Jason melirik, dan Piper menunduk pada mangkuknya seperti menahan malu. Duh, lucunya.

"Kalian sudah serius, 'kan? Maksudku, yah, walaupun sepertinya rencana pernikahan masih jauh, kalian bahkan belum dua puluh tahun, tapi dari cara Pipes bicara, kurasa dia tidak akan menyerahkanmu pada siapapun, sampai kapanpun," Tristan tertawa kecil. "Ah, cinta masa muda. Indah sekali."

Jason memaksakan diri untuk tertawa. "Yah, kurasa bukan ide yang buruk. Ayah. Hm," katanya, seolah kata itu terasa berat di lidahnya, atau seolah berhasil memuntir organ lembek tersebut. Bagaimanapun, kata itu berikut maknanya adalah sesuatu yang sangat jauh dari hidupnya, hampir-hampir tak tersentuh, meski ia tahu bahwa ia punya ayah orang besar, ia tak pernah benar-benar merasa ada ikatan yang sama dengan ayah-anak dalam konteks dunia manusia.

"Nak, ceritakan lagi soal permainan Pemberontakan Ionia tadi! Aku benar-benar tertarik!"

Piper mengerutkan kening pada mereka berdua.

"Game favoritku dan Leo," Jason menjawab rasa penasaran Piper, "Kuperkenalkan pada Dakota juga, dan dia belakangan jadi tertarik."

"Ya ampun, waktu untuk para lelaki ini namanya," Piper memutar bola mata.

"Andai Anda punya piranti games di sini—oh, tunggu! Aku membawa sesuatu di tasku. Ada permainan yang mirip dengan Pemberontakan Ionia, kurasa aku bisa mengajari Anda!"

"Wow, luar biasa! Ayo, habiskan brownies itu, kita akan mulai waktu ayah-anak yang menarik!"

"Heeei," Piper menyela. "Aku bagaimana?"

"Kau bisa jadi penggembira, Pipes, Ayah dengan senang hati mendapatkanmu sebagai pendukung dari sisi Tristan McLean!"

"Oh, oh, maaf, kukira Piper berada di pihakku?" Jason mengernyit.

"Tidak, tidak, Nak, aku mengklaim Piper duluan."

"Ayolah, aku juga ingin memiliki Pipes," keluh Jason dengan nada dibuat-buat.
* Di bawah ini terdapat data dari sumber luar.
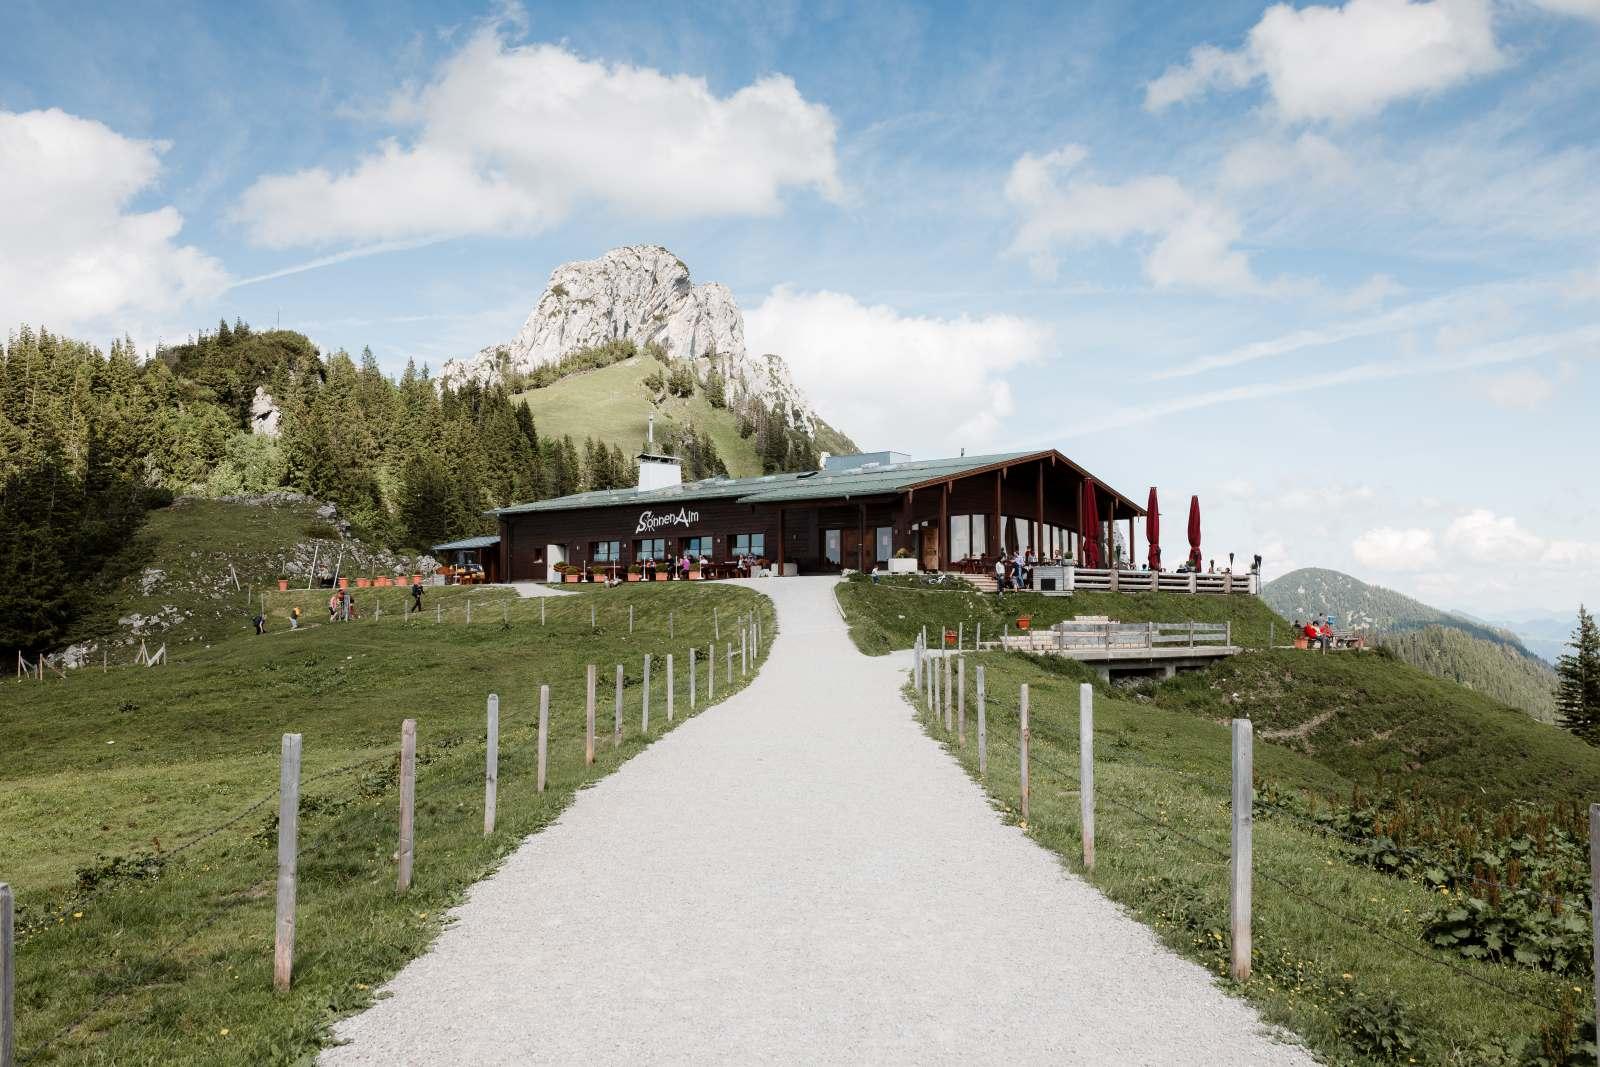 freie Trauung Chiemgau Kampenwand
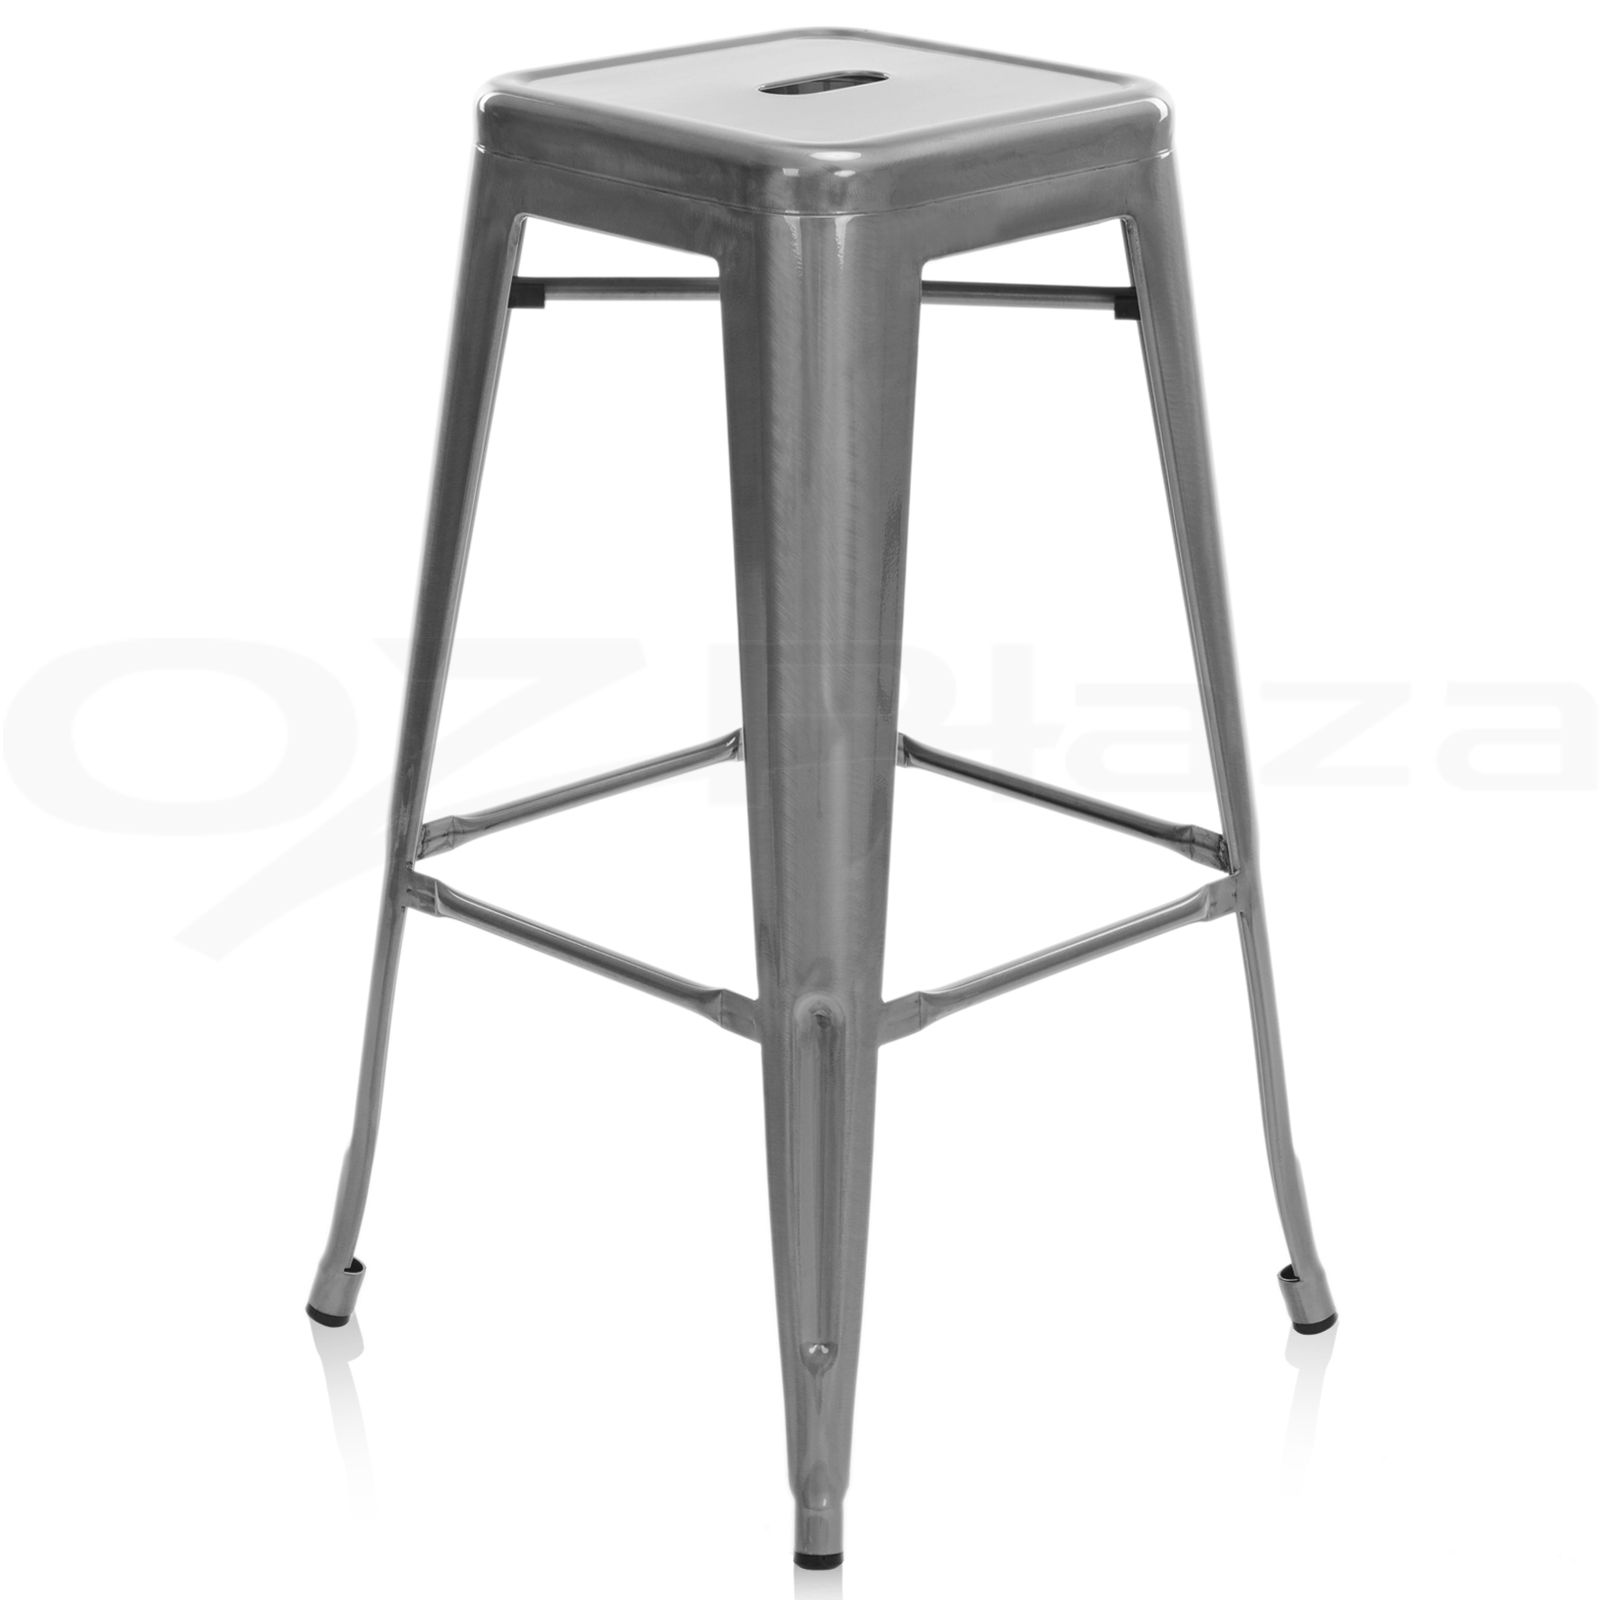 4x replica xavier tolix bar stool metal steel kitchen cafe - Tolix bar stool replica ...

"Kali ini tidak, Grace, Piper milikku!"

Jason ingin memberengut, tetapi dia malah tertawa.

Rasanya tidak buruk juga.


Permainan yang dimaksud Jason adalah sejenis Gigantomachy, tetapi dalam versi yang lebih ramah dan tidak menampilkan watak sangar sesungguhnya para raksasa. Semacam adaptasi, dengan para raksasa yang dibuat seperti manusia abad kedua puluh satu, menyerang perkotaan dan ditolong oleh si pemain yang bisa memilih menjadi dewa apa saja, dengan kekuatan yang diadaptasi dengan modernisasi. Zeus jadi memiliki kekuatan mengendalikan listrik dari tiang-tiang dan pembangkit di seluruh kota, Poseidon mengendalikan air dari saluran bawah tanah dan tangki-tangki, Hades membangkitkan hantu-hantu dari bangunan yang ditinggalkan, Artemis menjadi ketua detasemen khusus wanita di kepolisian, dan Apollo mengepalai seluruh rumah sakit di kota, sekaligus ketua regu penembak ulung di militer.

Tristan memilih menjadi Zeus (yang Jason pikir adalah sebuah kebetulan yang cukup keren), karena dia bilang setrum adalah kekuatan super yang begitu ingin dia miliki sejak kecil.

Piper memilih undur diri, merasa tidak perlu mendukung siapa-siapa agar adil. Dia menonton reality show yang tampaknya membosankan di televisi, tetapi Jason sedang tidak bisa peduli-peduli amat. Tristan keren dan jago! Seharusnya dia bisa memakai jargon ini untuk promosi film Tristan berikutnya.

Ayah Piper akhirnya pamit untuk tidur pukul setengah sebelas malam. Dia bilang, tidur di jam yang teratur dan cepat adalah hal yang sangat dia rindukan, walaupun ia bilang bermain bersama Jason adalah kepuasan terbesar yang belum pernah ia rasakan entah sejak kapan.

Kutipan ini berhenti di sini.